Balanced feeding apparatus 2, includes an elongated trolley 10 which runs along jib 5 to move the load in and out from the crane's center. Trolley 10 extends along a portion of jib 5 and includes at least two hoisting assemblies, proximal hoisting assembly 11 and distal hoisting assembly 12. Proximal hoisting assembly 11 and distal hoisting assembly 12 are distanced one from the other at a distance d. A horizontal fly beam 13 hangs on upright hoisting assemblies 11 and 12, such as by hooks at hanging points 14 and 15. Hanging point 14 is located near the end of fly beam 13 proximal to mast 3 and hanging point 15 is located further distally at the same distance d from hanging point 14. A proximal portion 16 of fly beam 13 spans at distance d between hanging points 14 and 15. Fly beam 13 extends further distally along a distance e cantilevered from hanging point 15. Hoisting assemblies 11 and 12 are designed and synchronized to simultaneously lift and lower hanging points 14 and 15 at the same height h, thereby keeping fly beam 13 balanced, as long as no weight tips the balance.

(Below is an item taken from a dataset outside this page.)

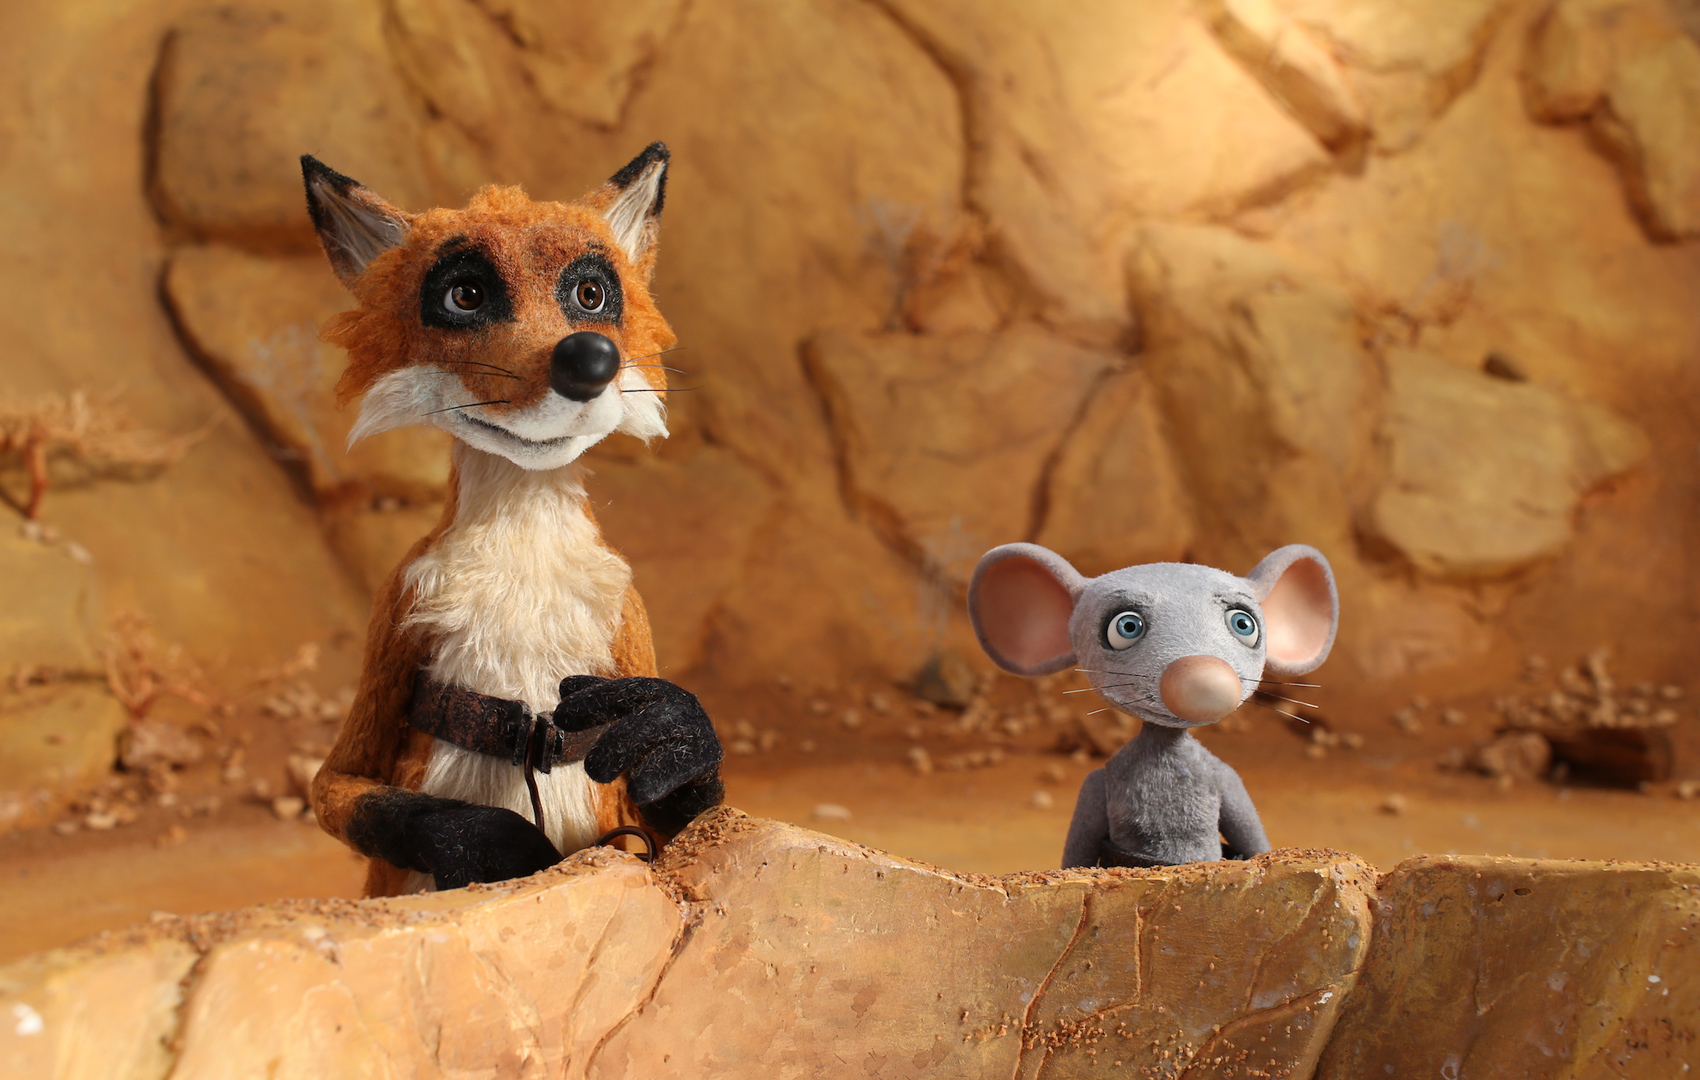 Puppentrick-Animation: Ein Fuchs steht neben einer Maus vor einem steinigen Wüstenhintergrund.

In such a configuration, fly beam 13 is confined to move with trolley 10 and hoisting assemblies 11 and 12 along a direction parallel to jib 13 such that no horizontal rotations of fly beam 13 are possible. Accordingly, only hanging point 15 may be a fulcrum about which fly beam 13 can pivot vertically, only to the extent that fly beam 13 would spontaneously pivot clockwise (in the constellation of FIG. 1)—when distal portion 17 tilts downwards while proximal portion 16 tilts upwards. A spontaneous counterclockwise (in the constellation of FIG. 1) vertical pivot of fly beam 13 is not possible because hoisting assembly 11 would not extend beyond height h.

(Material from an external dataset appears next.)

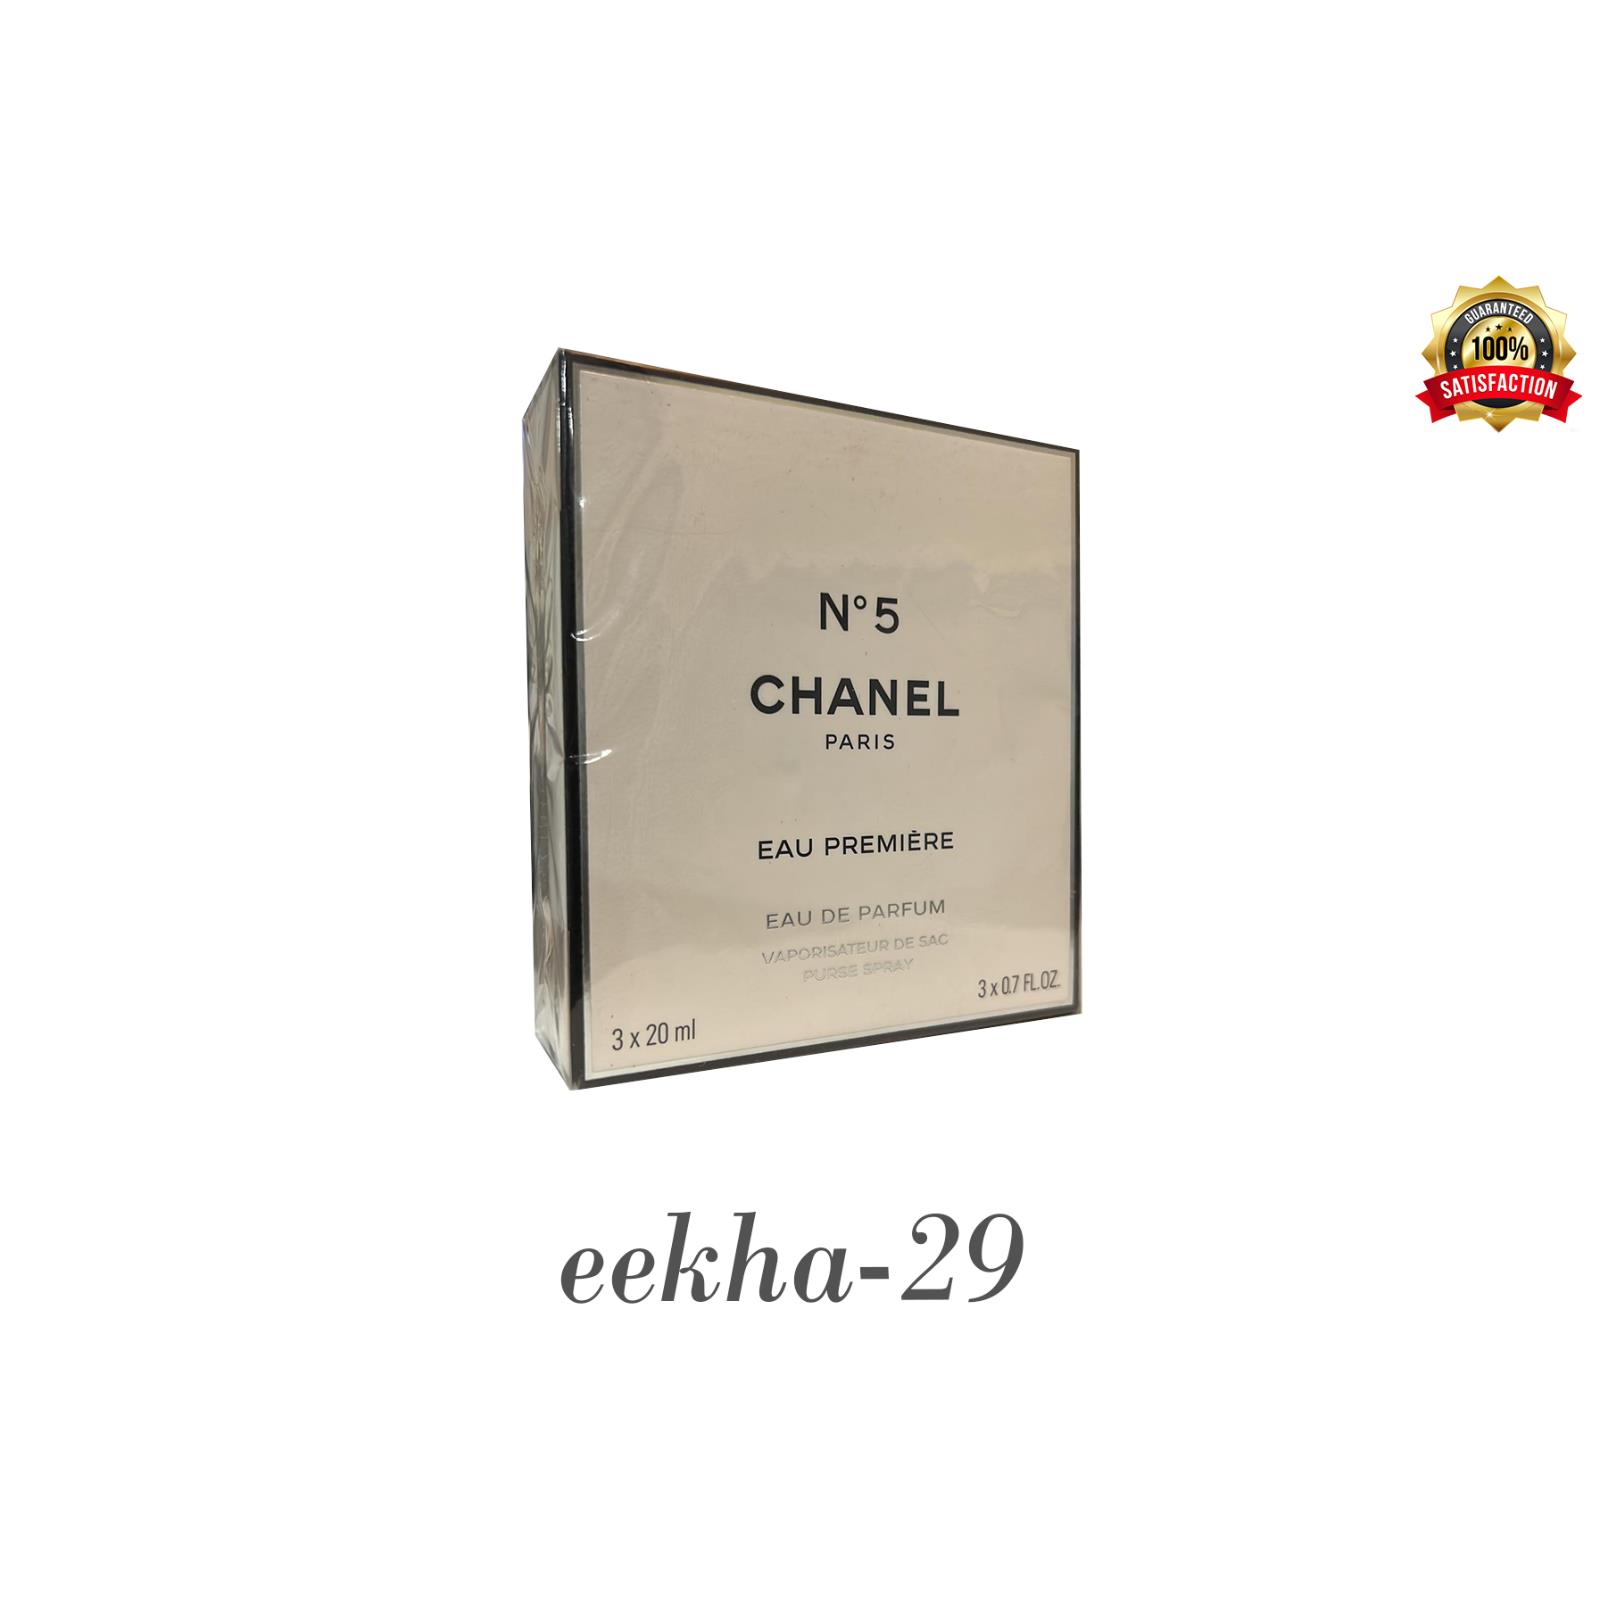 Chanel No 5 Eau Premiere 3 20 Ml Eau De Parfum Purse Spray

According to the Law of the Lever, the balance of a lever can be determined by considering the balance of moments or torque of objects around a lever. Torque T equals the product of the weight m of an object and the distance d of the center of mass of the object from a lever. For example, the balance of fly beam 13 about the fulcrum at hanging point 15: T16≥T17 and m16d≥m17e, where the weight of horizontal fly beam 13 is negligible or equal over each distance d and e, m16 is the total weight of portion 16 (including any hanging weights or loads), m17 is the total weight of portion 17 (including any hanging weights or loads), T16 is the total torque portion 16, and where T17 is the total torque portion 17. If fly jib 13 has a uniform structure (e.g., triangular lattice work as shown), the balance of fly beam 13 is secured as long as d≥e (without any hanging weights or loads).
A load securing member 18 is disposed at the distal end of fly beam 13, beyond hoisting point 15, and load securing member 18 is adapted for carrying a hanged load 19. It is noted that when trolley 10 slides toward the distal end of jib 5, fly beam 13 may extend past the distal end of jib 5. Counterweight 20 is disposed at the proximal end of fly beam 13, in the vicinity of hanging point 14.
For the sake of simplicity in calculations it can be assumed that fly beam 13 has a uniform structure and that hanging point 15 bisects horizontal fly beam 14, i.e., d=e. In such a case, it is noted that according to the Law of the Lever, as long as the weight of counterweight 20 exceeds or is equal to the weight of load 19 (the weight of load securing member 18 is assumed to be negligible or included in the weight of load 19), m16≥m17, and the balance of fly jib 13 is be maintained. Regardless of if the distance d and distance e are equal, the weight of counterweight 20 can be selected, based on a simple calculation consisting of a maximum weight of load 19, lengths and weights of each part of fly beam 13, for maintaining the balance of fly beam 13.
To prevent any turning over of fly beam 13 due to excessive weight of load 19, an overload monitoring sensor may be installed in fly beam 13, such as a spirit level or a tilt sensor, incorporating a level sensing mechanism associated with fly beam 13 and operative to sense when fly beam 13 assumes an angular inclination which exceeds a predetermined value from horizontal equilibrium. A control mechanism associated with the level sensor is operative such that when the level sensing mechanism senses an angular inclination from horizontal beyond the predetermined value, the control prevents initial hoisting of a load seated on a surface before any further lifting of the load 19 occurs.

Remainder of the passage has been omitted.